Un commandement de payer visant clause résolutoire a été délivré par acte extra judiciaire du 12 juin 2023 pour un montant principal de 2 350 euros.
Par assignation en date du 08 février 2024, la SAS ACTION LOGEMENT SERVICES subrogée dans les droits du bailleur a fait citer Monsieur [R] [N] [P] [O] par devant le juge des contentieux de la protection de [Localité 5] à l’audience du 05 juin 2024 sur le fondement des articles 1103, 1134,1147,1184 1217, 1224 et 1231 du Code civil aux fins de voir :
— constater l’acquisition de la clause résolutoire,
— subsidiairement prononcer la résiliation du bail,
— ordonner l’expulsion de tous occupants de leur chef avec si nécessaire le concours de la force publique,
— condamner le défendeur à lui payer :
* la somme de 5 846,47 euros avec intérêts taux légal à compter du 12 juin 2023 sur la somme de 2 350 euros pour le surplus à compter de l’assignation,
* fixer l’indemnité d’occupation à la somme de 450 euros selon observation verbale de son conseil,
* la somme de 800 euros au titre des dispositions de l’article 700 du Code de procédure civile, ainsi qu’aux entiers dépens qui comprendront le coût du commandement de payer.
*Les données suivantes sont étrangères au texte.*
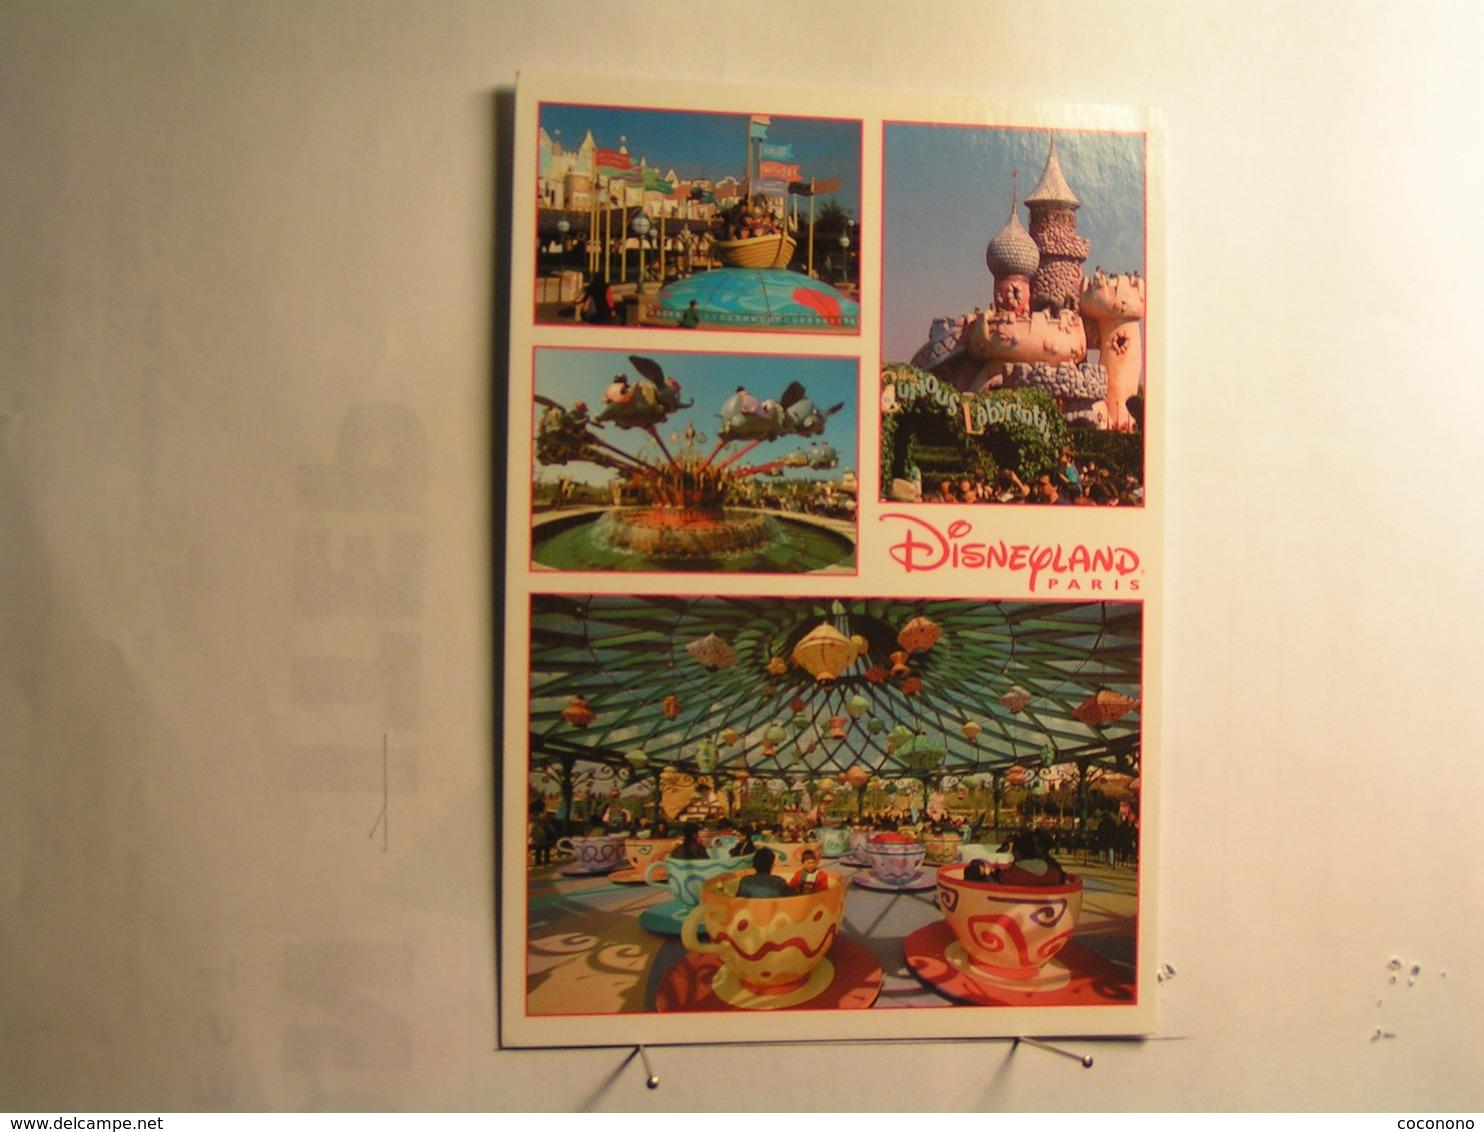 Disneyland - Paris - Fantasyland - Disneyland

A l’audience du 06 juin 2024, les parties sont représentés et l’affaire renvoyée à plusieurs reprises à la demande d’au moins l’une d’ entre elles pour être fixée à plaider au 27 novembre 2024 ; à cette dernière date, la demanderesse par la voie de son conseil expose qu’elle a réglé entre les mains de son assuré les sommes correspondantes à la créance locative en indemnisation de son préjudicie selon quittance subrogative du 21 janvier 2024 ; elle indique avoir réactualisé sa créance pour un montant au jour de l’audience de 7 954,97 euros.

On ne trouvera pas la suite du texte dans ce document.